Correlating specific genomic copy number aberrations (CNA) with disease is an important and challenging first step in biomarker discovery [1
]. Detecting CNAs that define genomic regions of interest using array comparative genomic hybridisation (aCGH) requires precise integration of probe signal amplitude, size (i.e., width) of copy number imbalanced region, and frequency of imbalance across a sample set, all referenced to relevant clinico-pathologic features.
There are two broad methods of aCGH data interpretation for biomarker discovery. The first, exemplified by the R Bioconductor package cghMCR [2
], identifies regions showing the most frequent CNAs within a sample set, ranked by average signal amplitude. This approach to prioritization may under-call low prevalence high-level CNAs, such as homozygous deletions or gene amplifications that occur in small subsets of the samples analysed. The second method, targeted gene identification, exemplified by the genome topography scanning (GTS) algorithm [3
] and Genomic Identification of Significant Targets in Cancer (GISTIC) module [4
], is designed to localize regions of copy number imbalance most likely to be of functional significance. The GTS method models CNAs using parameters of signal intensity, region width and recurrence across a sample set, moderated by gene content. While this approach is able to identify significant regions of imbalance in heterogeneous samples, it relies on prior knowledge. GISTIC calculates the background rate of random chromosomal aberrations and identifies regions that are aberrant more often than would be expected by chance, with greater weight given to high amplitude events. Although gaining favour, a recent report notes GISTIC has trouble identifying relevant minimal regions of interest within larger tracts of CNA [5
There are currently few open source methods for consolidating aCGH data across a set of samples. In addition, there are particular difficulties with handling large data sets derived from very high-density oligonucleotide-based aCGH platforms, where there may be a need to review many distinct significant regions of interest. To address these issues, we developed sliding windows adaptive thresholds CGH (swatCGH), a new computational framework for simplifying aCGH data analysis. swatCGH is a heuristic method based on strengths of the major existing approaches. It provides a robust systematic approach, which effectively automates the aCGH analysis process in order to identify CNA regions of interest and improve the reliability of candidate gene identification.
The framework is based on the analysis of average signal amplitude, region width and frequency of CNA occurrence, and enables these parameters to be identified as independent or associated events, including sample subset analysis by agglomerative hierarchical clustering.
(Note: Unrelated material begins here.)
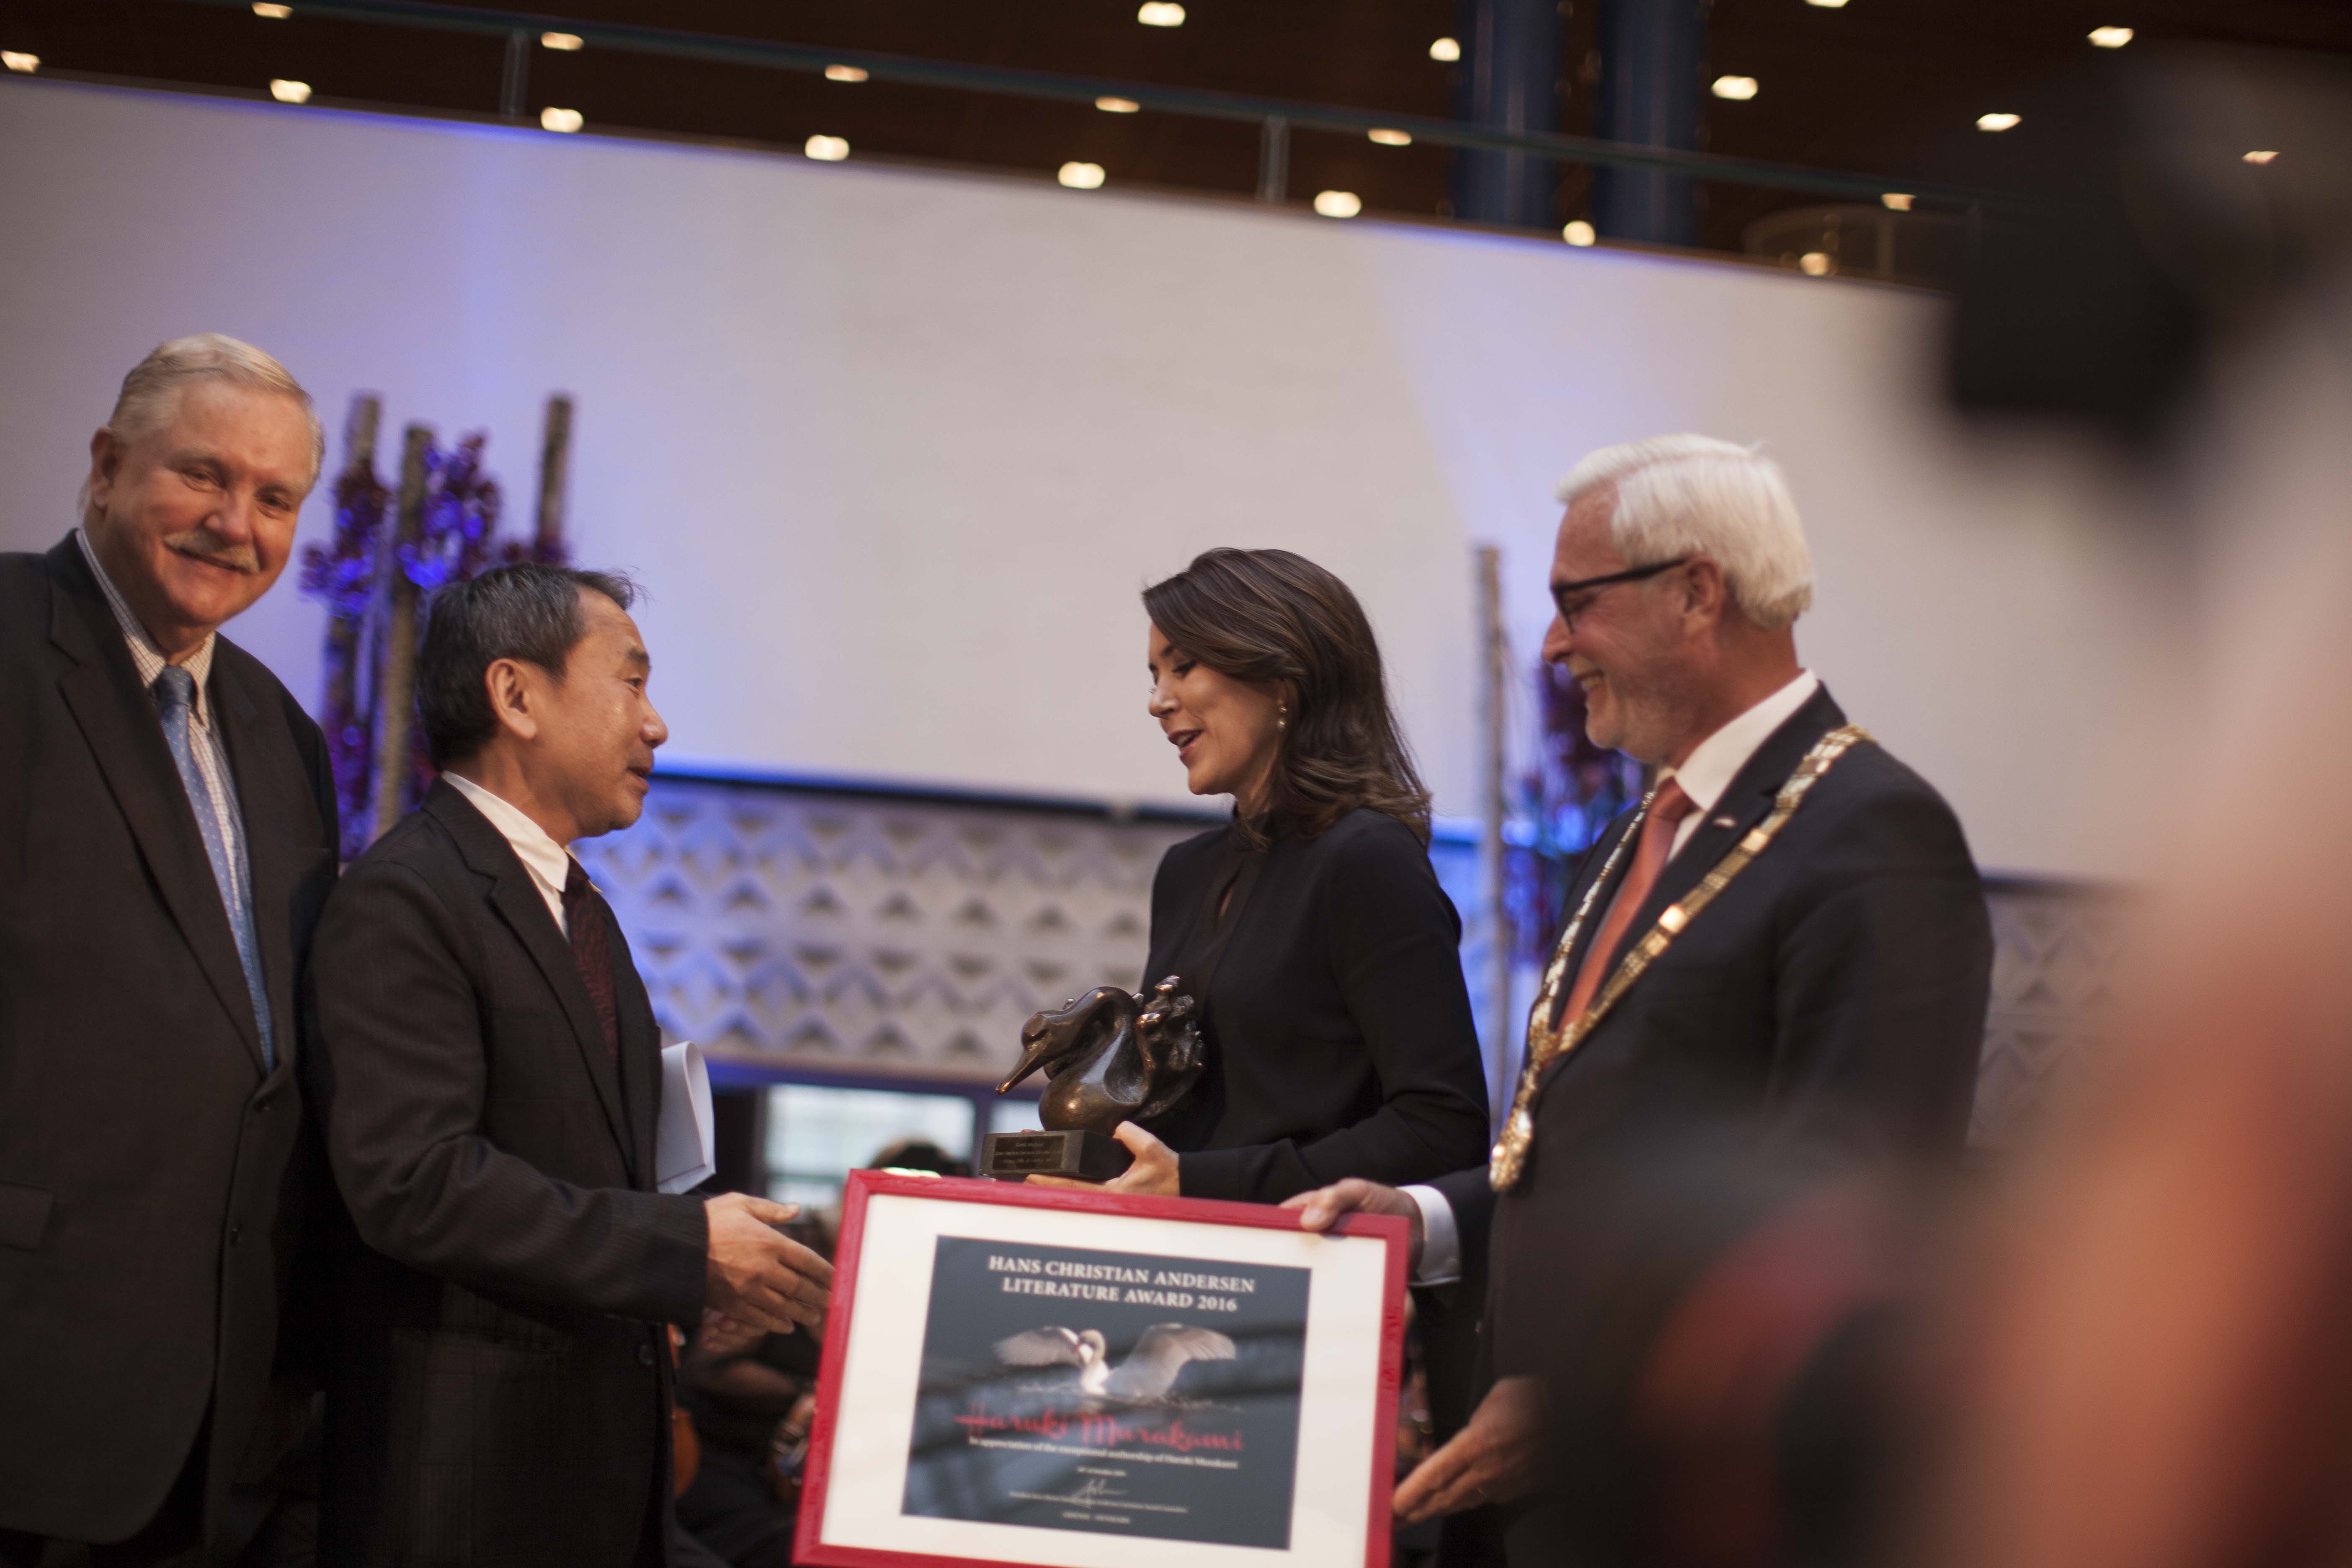 Odense honours Haruki Murakami with Hans Christian Andersen award

For each chromosome, swatCGH preferentially identifies regions that display the largest average signal intensity in the greatest proportion of the sample cohort.
The stages of swatCGH were designed to accommodate technical factors that may confound aCGH data analysis, particularly methods of signal intensity preprocessing, such as background correction, normalization, and classification of probe copy number states following segmentation [6
]. The R Bioconductor [8
] based method enables application of multiple preprocessing configurations, probe segmentation algorithms, and classification strategies, in order to provide the most robust definition of significant CNA regions of interest. Uniquely, the approach also allows comparison and consolidation of analyses resulting from the various preprocessing methods used.
Here, we provide a detailed description of swatCGH. We exemplify the approach using a previously published aCGH dataset based on an analysis of 38 glioblastoma multiforme (GBM) samples using Agilent 44
K oligonucleotide arrays (GSE7602) [3
]. The dataset had previously been analysed by GTS, leading to identification of functional redundancy between CDKN2A and CDKN2C tumour suppressor genes in GBM. We analysed the dataset by swatCGH, using data preprocessed with each of the four most frequently cited segmentation algorithms; circular binary segmentation from the package DNAcopy [9
], an adaptive weights smoothing method from the package GLAD [11
], an homogeneous hidden Markov model (HomHMM) provided by the package aCGH [12
], and a biologically tuned HMM (BioHMM) from the package snapCGH [13
]. By consolidating data from the four analyses, we identified the most robust CNA regions of interest in the dataset. Based on our comparison of methods for prioritizing detected CNAs, we present results as a summarized list ranked by mean signal intensity, with web-style summary pages to facilitate data verification and efficient selection of candidate genes. In addition, the detailed report of all parameters analysed allows for thorough assessment of other potential regions of interest that are not recorded on the ranked list. By comparing our findings with the previous GTS study [3
], we conclude that our heuristic framework offers a simplified high-throughput approach to defining novel genomic loci of potential clinical relevance.